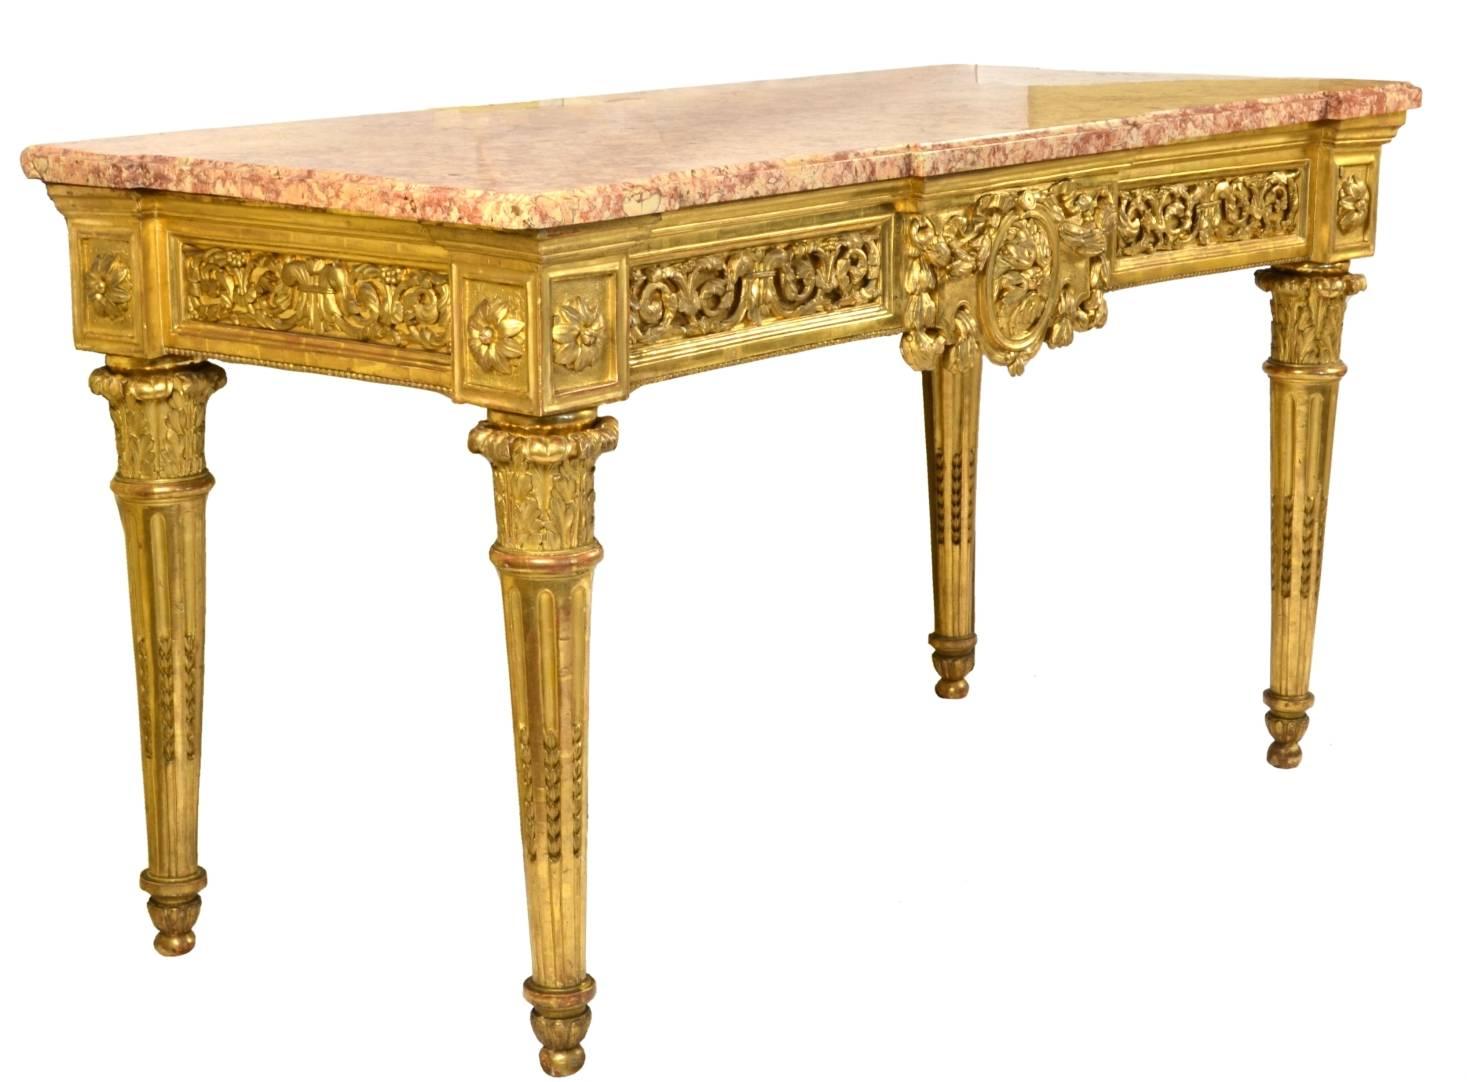 Italian Carved and Giltwood Neoclassical Console Table, circa 1790-1800 In Good Condition For Sale In St. Louis, MO
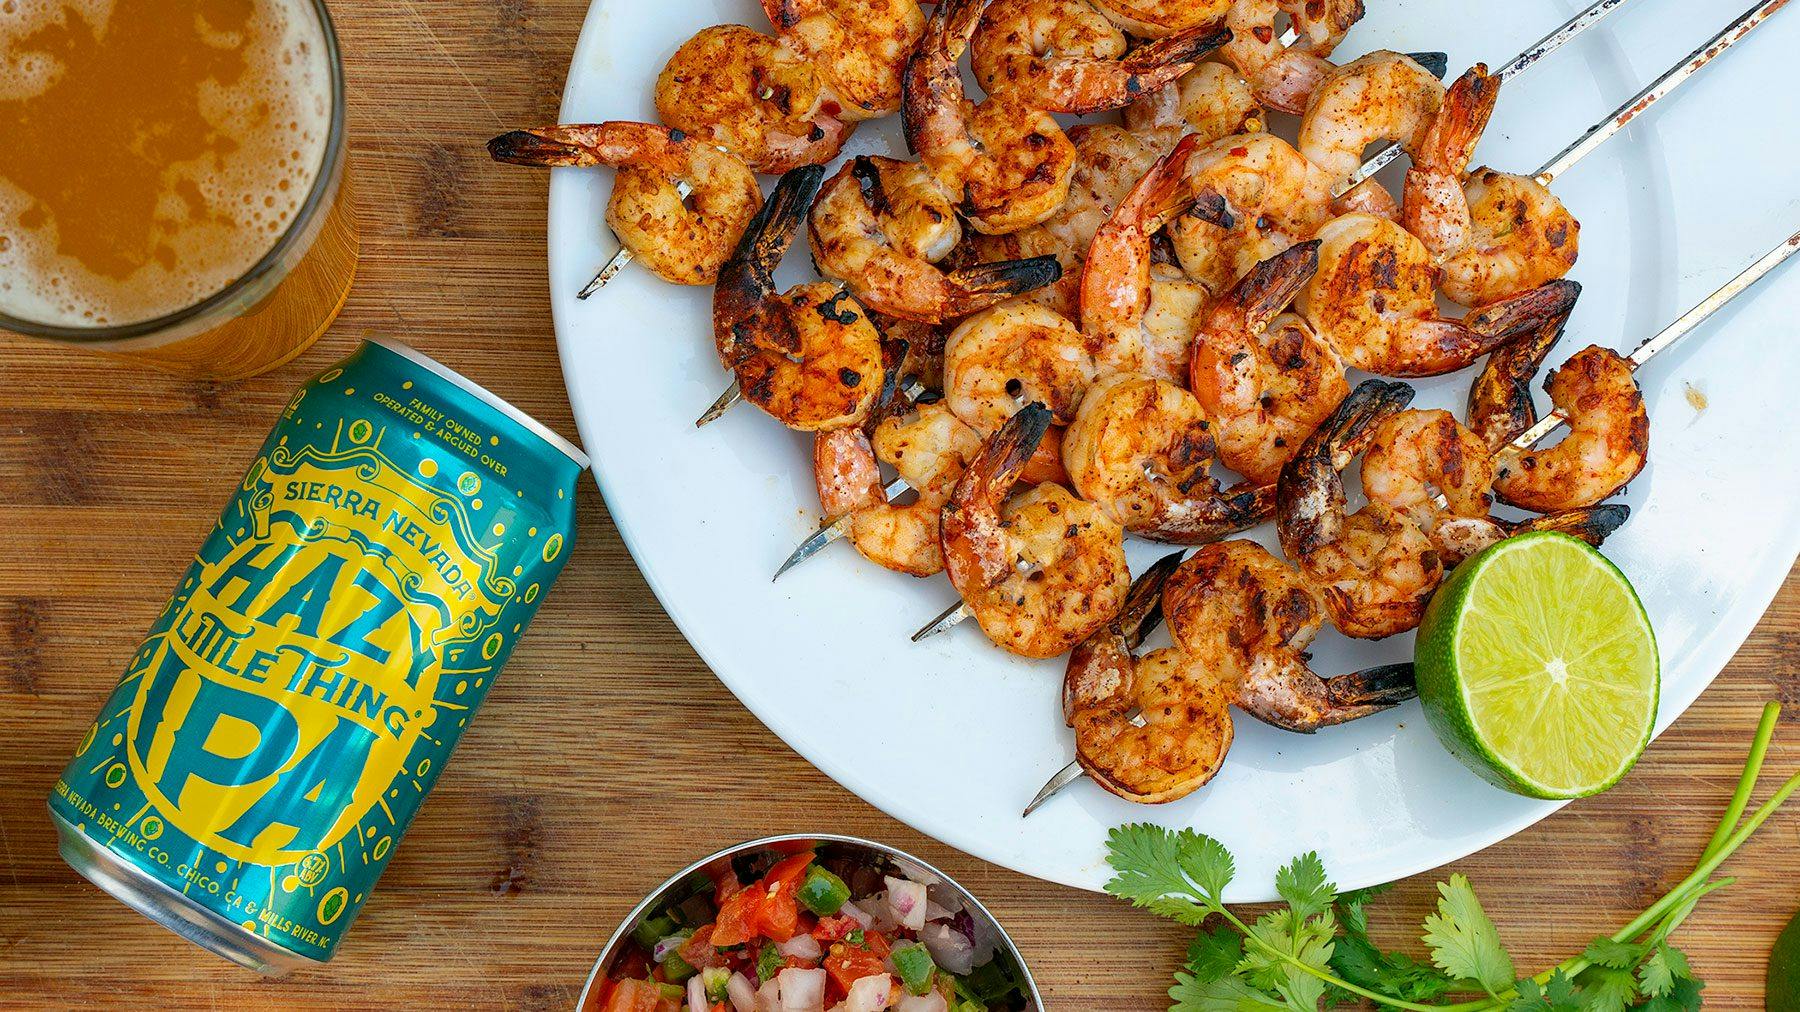 A can of Hazy Little Thing next to grilled shrimp skewers
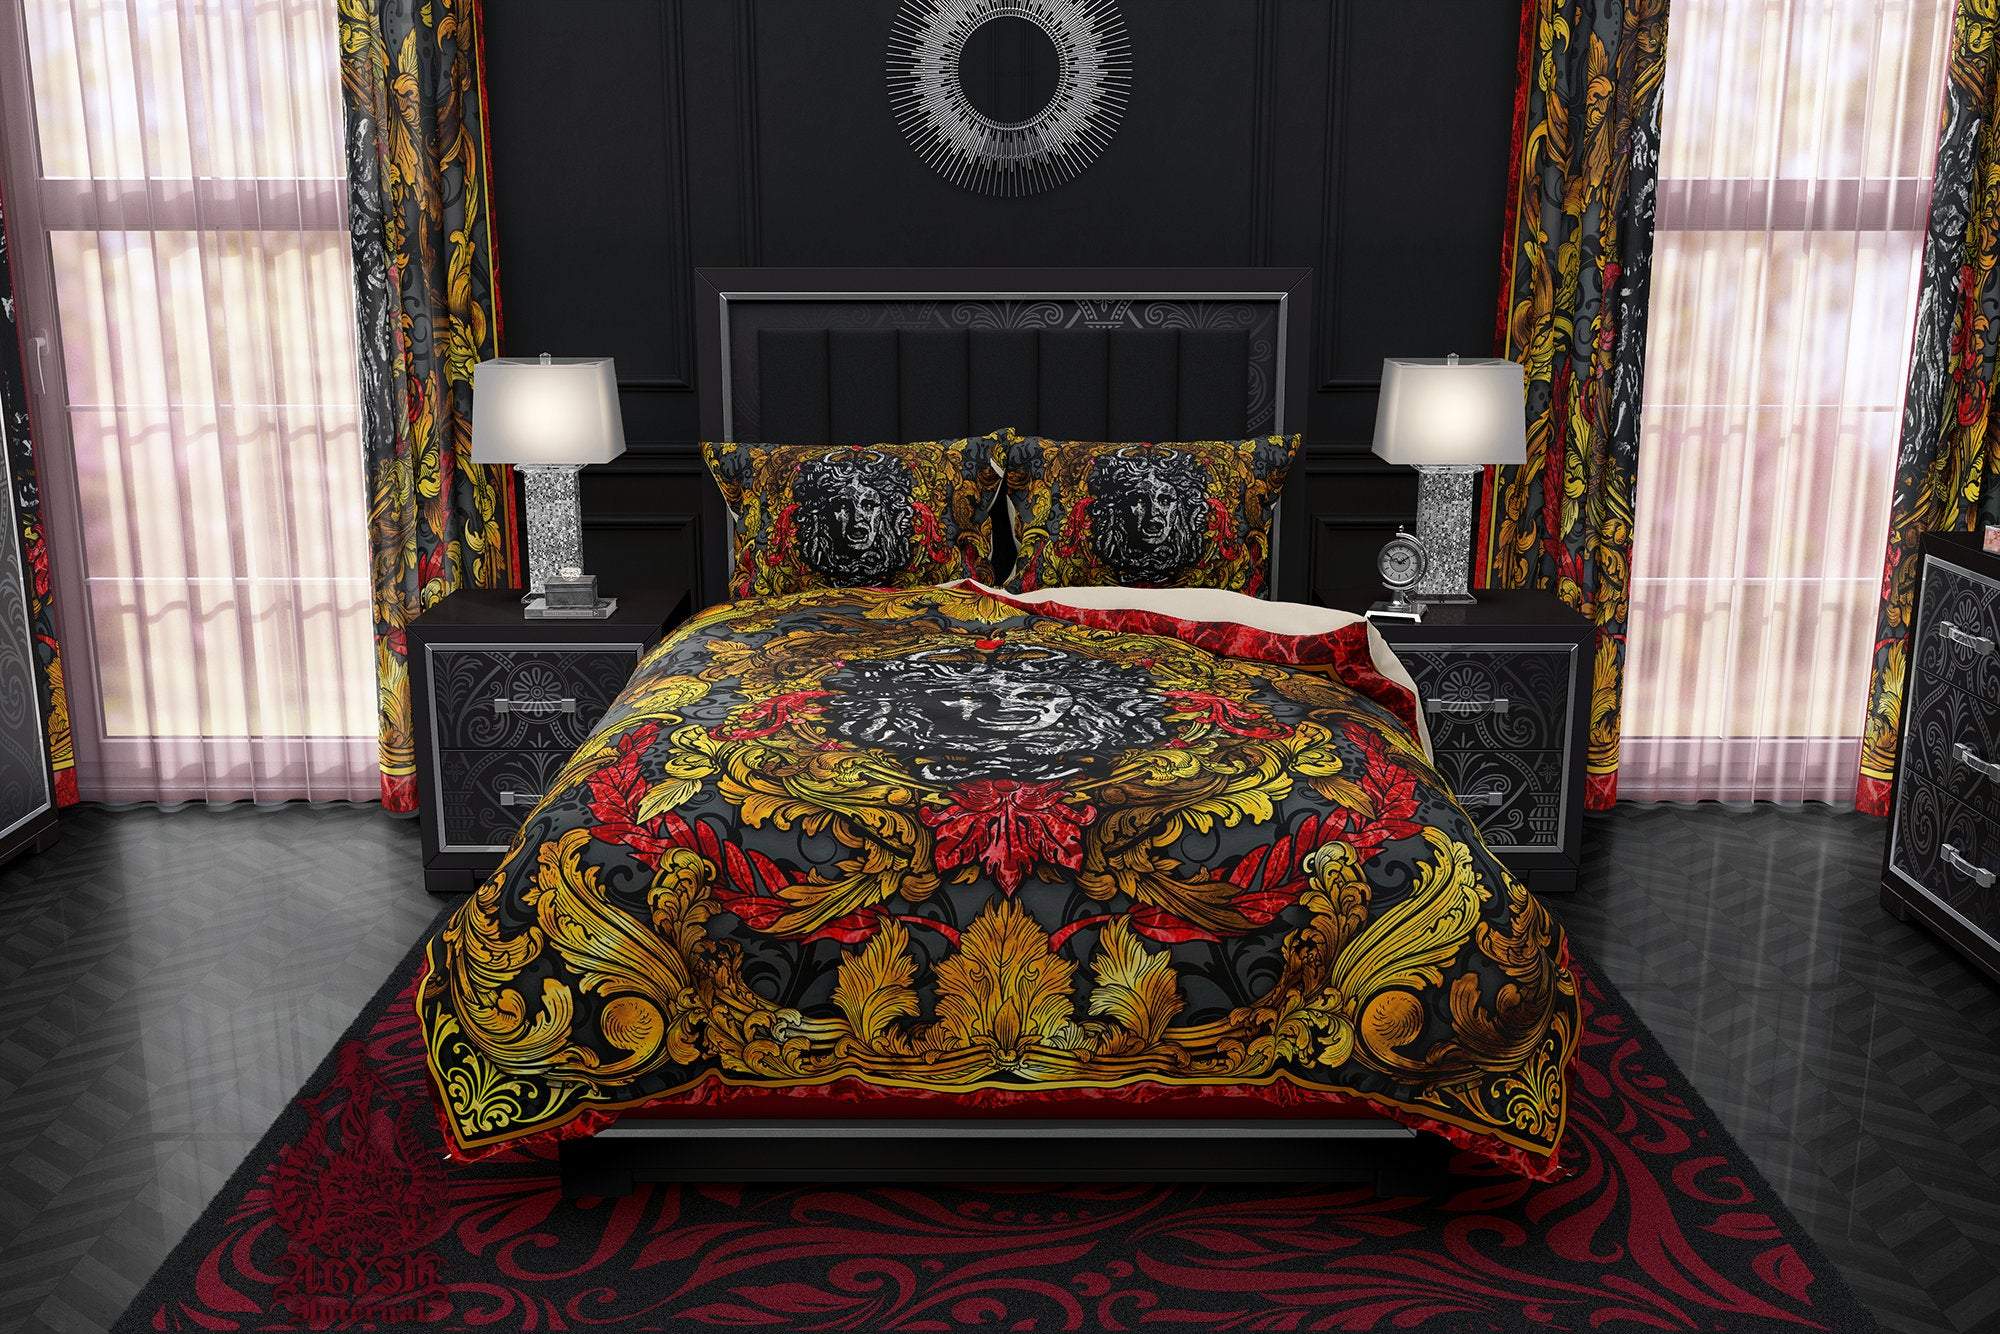 Vintage Bedding Set, Comforter and Duvet, Baroque and Alternative Bed Cover and Bedroom Decor, King, Queen and Twin Size - Medusa - Abysm Internal
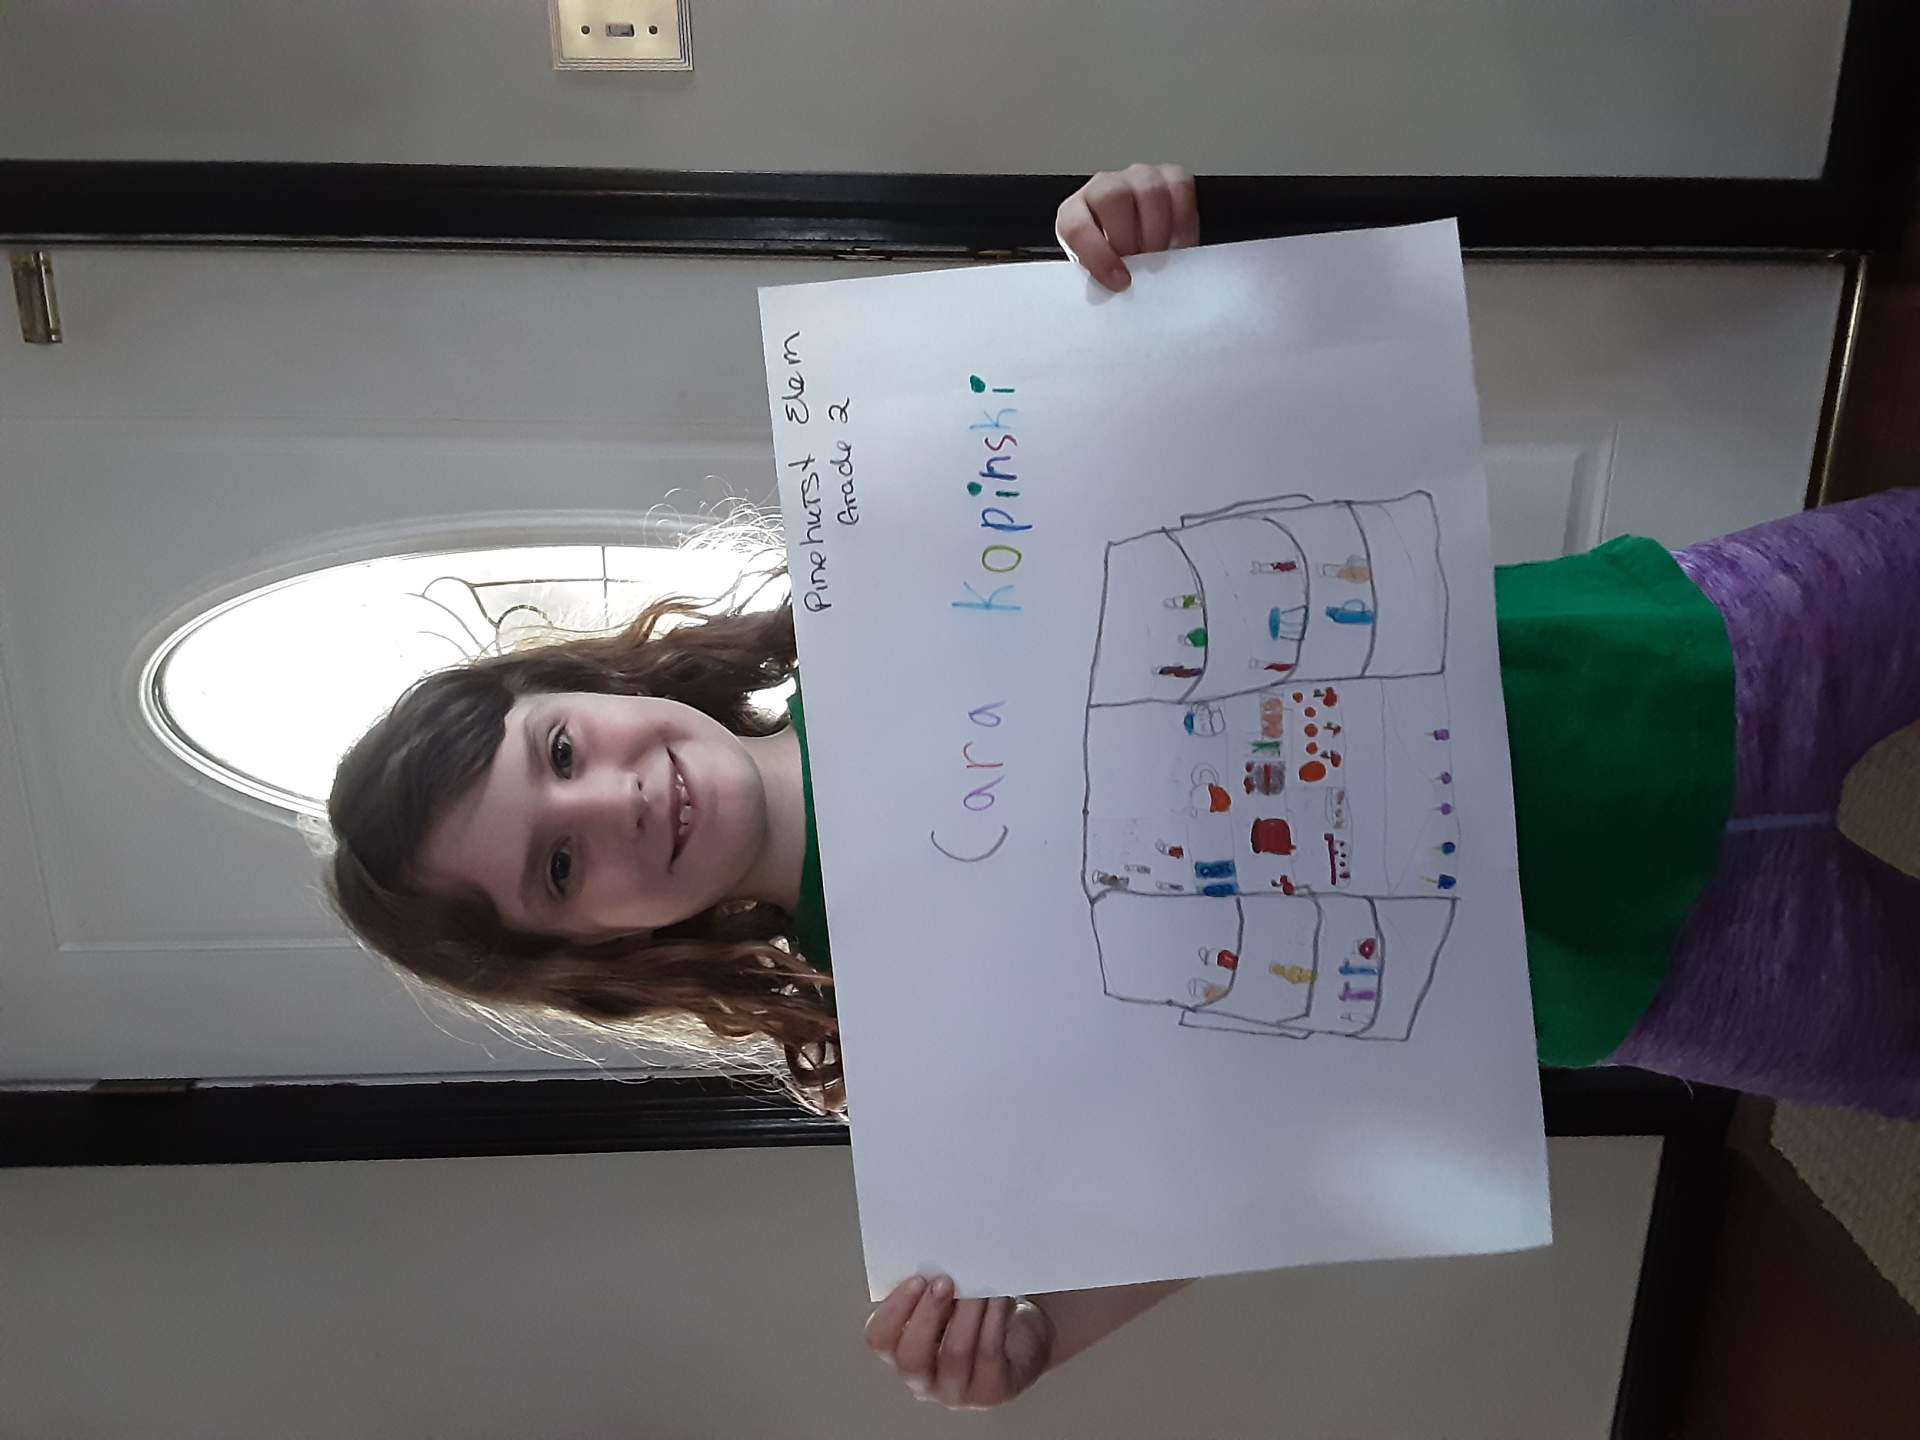 Cara with her drawing for "What's in Your Fridge?"

#### [ASSIGNED TASK]
The material above is to be output exactly, with each picture left out.

#### [WRITTEN REPLY]
 Italian Carved and Giltwood Neoclassical Console Table, circa 1790-1800 In Good Condition For Sale In St. Louis, MO
 A can of Hazy Little Thing next to grilled shrimp skewers
 Vintage Bedding Set, Comforter and Duvet, Baroque and Alternative Bed Cover and Bedroom Decor, King, Queen and Twin Size - Medusa - Abysm Internal
 Cara with her drawing for "What's in Your Fridge?"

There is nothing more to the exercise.